In that situation, the following steps should be followed:
From one node, connect into cctrl at the expert level
shell> cctrl -expert
Next, connect to the cross-site subservice, in this example,
london_from_nyc
[LOGICAL:EXPERT] / > use london_from_nyc
london_from_nyc: session established, encryption=false, authentication=false
Enable override of commands issued
[LOGICAL:EXPERT] /london_from_nyc > set force true
Bring the relay datasource online:
[LOGICAL:EXPERT] /london_from_nyc > datasource db5 online
Next, place the service into MAINTENANCE
Mode
[LOGICAL:EXPERT] /london_from_nyc > set policy maintenance
If you need to change the source for the relay replicator to the correct, new, Primary in the remote cluster, take the replicator offline.
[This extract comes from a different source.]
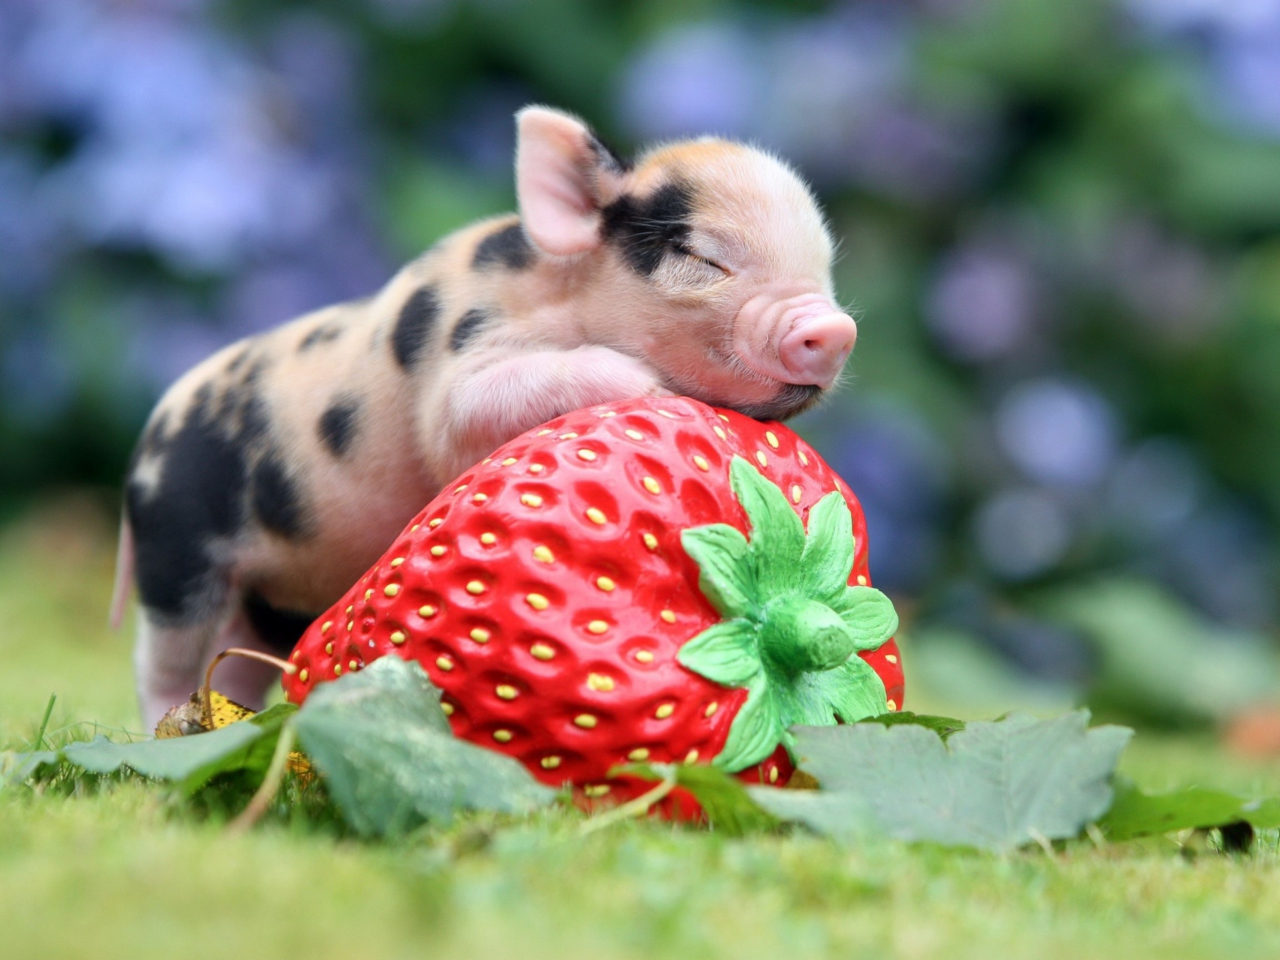 Sfondi Cute Little Piglet And Strawberry 1280x960

If the relay source is correct, then move on to step 9
[LOGICAL:EXPERT] /london_from_nyc > replicator db5 offline
Change the source of the relay replicator
[LOGICAL:EXPERT] /london_from_nyc > replicator db5 relay nyc/db3
Bring the relay replicator online
[LOGICAL:EXPERT] /london_from_nyc > replicator db5 online
For each datasource that requires the replicator altering, issue the following commands
[LOGICAL:EXPERT] /london_from_nyc >replicator {datasource} offline
[LOGICAL:EXPERT] /london_from_nyc >replicator {datasource} slave {relay}
[LOGICAL:EXPERT] /london_from_nyc >replicator {datasource} online
For example:
[LOGICAL:EXPERT] /london_from_nyc >replicator db4 offline
[LOGICAL:EXPERT] /london_from_nyc >replicator db4 slave db5
[LOGICAL:EXPERT] /london_from_nyc >replicator db4 online
Once all replicators are using the correct source, we can then bring the cluster back
[LOGICAL:EXPERT] /london_from_nyc > cluster welcome
Some of the datasources may still be in the SHUNNED state, so for each of those, you can then issue the following
[LOGICAL:EXPERT] /london_from_nyc > datasource {datasource} online
For example:
[LOGICAL:EXPERT] /london_from_nyc > datasource db4 online
Once all nodes are online, we can then return the cluster to AUTOMATIC
[LOGICAL:EXPERT] /london_from_nyc > set policy automatic
Whichever process you followed above, you would now repeat on the other cluster if required.